Love Unbound

Sermon from August 25th, 2013. You’ll find the passage here: Luke 13:10-17.

God is Love Unbound

A young man and his wife attend a new church in a new town. During coffee hour, an older gentleman pulls the young man aside, and says, “I am furious that you would come to church, to God’s house, with your shirttail untucked. I just couldn’t let you leave without telling you how I feel.” What the old man thought he was saying was that you should respect God by showing up in your best. What the young man heard was “you’re not welcome here.”

At a Presbytery meeting, the new candidates for ordination are standing nervously at the front of the room. A couple of pastors, disappointed by recent votes at Presbytery, decide to take it out on the ordinees. They take turns firing off difficult theological questions for the new pastors to answer, knowing full well that they’ve already gone through many different sessions of testing to get to this point. Afterwards, the candidates shake it off. They know what they’re getting into, and they learned a long time ago to love us for the good and forgive the bad. But every person sitting in the meeting heard the message loud and clear. “Welcome to ministry. We care about politics more than people.”

Three middle schoolers are standing in the principal’s office, telling her about a teacher who had his hands where his shouldn’t have. The principal knows the teacher. He has a family who would be devastated. And the last thing this school needs is a scandal to muck things up. She pulls him aside and tells him not to do it, then quietly lets it drop. We’ve seen it in schools, we’ve seen it in businesses, we’ve seen it in churches. Protecting the institution at the expense of the people it serves.

A woman with back problems walks into a room where a man is teaching. When he looks up, he sees her standing in the back. He stops and calls her down to the front. When she’s finally wound her way through the crowd of bodies and chairs, Jesus says, “Woman, you have been set free from your ailment.” She stands up and sets to praising God. The leader of the synagogue starts telling the crowd, “Come and be cured another time, not now. Today is God’s day. You shouldn’t be asking for help today.

These stories are all similar. They are stories of people forgetting the point. And what gets me about the last story is who the leader of the synagogue addresses. Instead of being angry at Jesus, the one who did (what he considered) work on the Sabbath, he speaks to the crowd. Maybe he was afraid of what would happen if he went after Jesus, what the crowd would do, what Jesus would do. But nevertheless it speaks to something that with healing and freedom being openly given, the Pharisee tries to maintain control by telling people not to take it. “I know you want to be healed, I know you want to be free, and it is being offered now, but don’t take it. Now isn’t the time.”

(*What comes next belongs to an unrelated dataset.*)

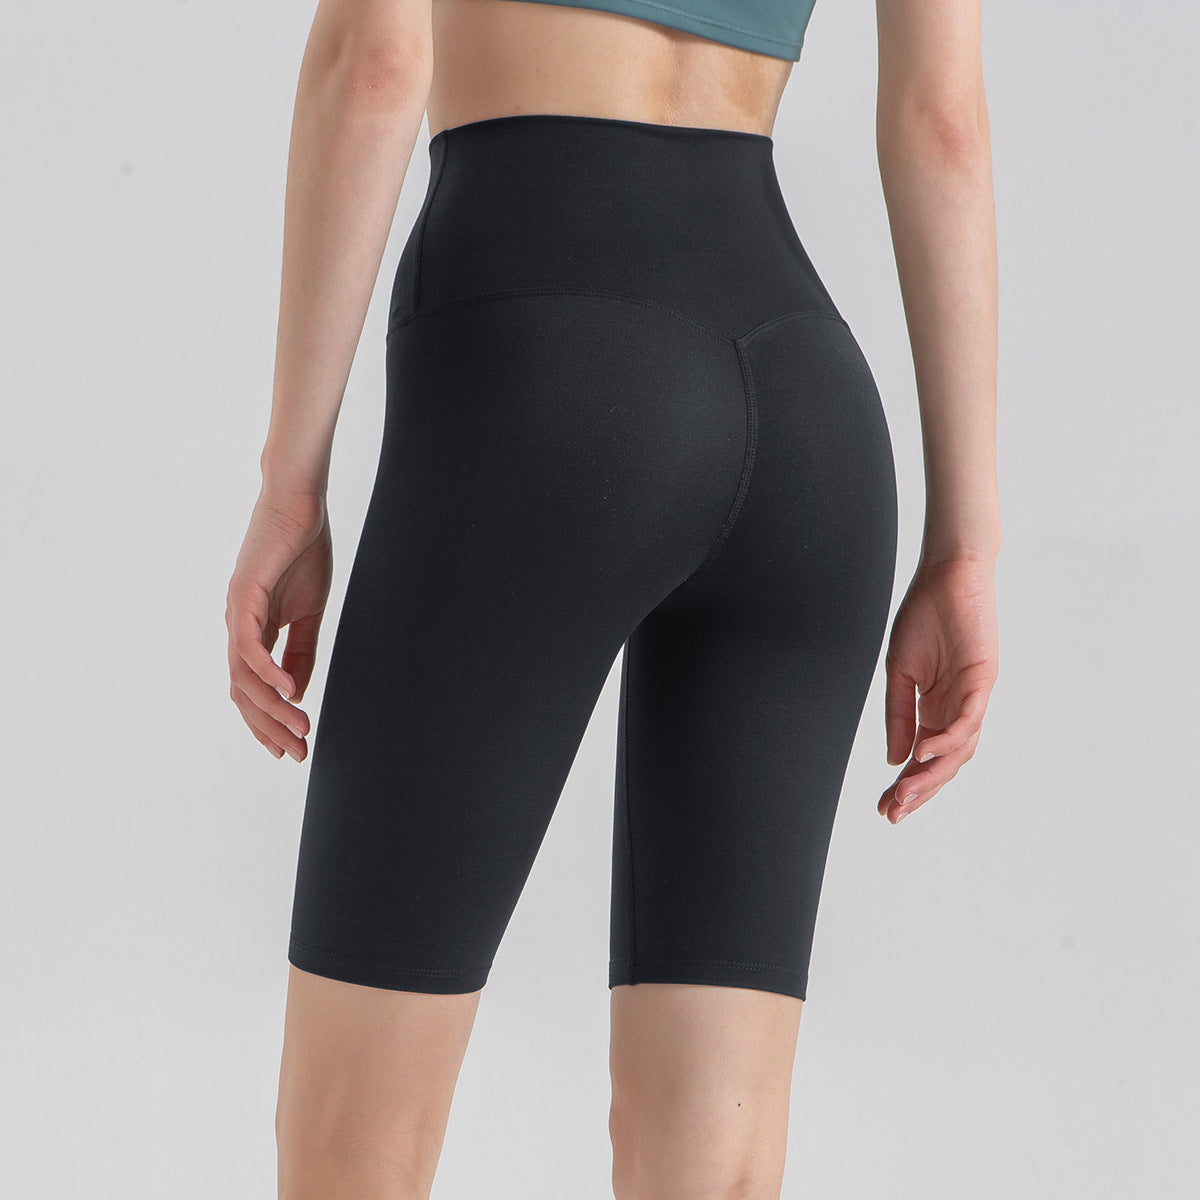 High Waist Hip Lift Nude Feel Yoga Pants Summer Seamless Quick-Drying Skinny Running Five Points Exercise Workout Pants

Has that ever happened to you? Have you ever been yearning for the touch of God, and someone told you not now, not yet, not this way. We’re not ready for God to move you just yet.

Dr. Martin Luther King knew this feeling. He wrote his Letter from a Birmingham Jail from prison. It wasn’t to the people who were fighting against him. It was to the group of pastors who had written an editorial in that week’s paper, titled, “A Call to Unity.” They said we agree that social injustice exists, and it’s wrong. But the current demonstrations are “untimely and unwise.” King was creating tension, he was making things uncomfortable for those who unconsciously profited from the way things were. Like the Pharisees, they were unwilling to relinquish their control, and they told the people wanting healing and hope and freedom that now wasn’t the time. I won’t read it to you now, but it is one of the most compelling and beautiful pieces of Christian writing ever produced, and its worth a read if you haven’t read it or it’s been a while. So much of it still rings true today. freedom is never voluntarily given by the oppressor; it must be demanded by the oppressed

As the primary legal scholars and members of wealthy privileged and influential families, the Pharisees had a lot of control over access to God. Pharisees claimed the powers of “binding” and “loosing.” As scholars of the law, they not only determined what was permitted and what was forbidden, but they also were able to pronounce or revoke anathema on a person. So they decided what was okay and not okay, and who was okay and not okay.

And Jesus was really messing with the institutional structure of their world. He was cleansing lepers and forgiving sins, all without going through the structure of the Temple. He was healing people, but not at the appropriate times. He was binding and loosing, even though he hadn’t put in the years or the time or the money to get that right. The leader said, “Not now” because it challenged their view of the world, it made them do things differently. If people could be forgiven or healed or set free at any time and in any place the Temple structure would fall apart. People would no longer need them. They would no longer be important people, but just plain old people. To allow Jesus to go on unchallenged would mean relinquishing some of their power and control, and allowing radical change in one of their most treasured institutions.

This isn’t an easy thing to do. People occasionally relinquish power as individuals, but groups almost never do. As Dr. King wrote, “freedom is never voluntarily given by the oppressor; it must be demanded by the oppressed.” And it is a challenge for us modern-day Pharisees, those of us who are educated and well-heeled and well-connected, to look at ourselves and ask how we bar the doors to people who don’t seem to fit. How do we limit access to salvation? When have we told someone not to ask for that blessing yet, because we aren’t ready? When have we allowed our own needs or our own comfort to become obstacles that prevent others from encountering God’s love?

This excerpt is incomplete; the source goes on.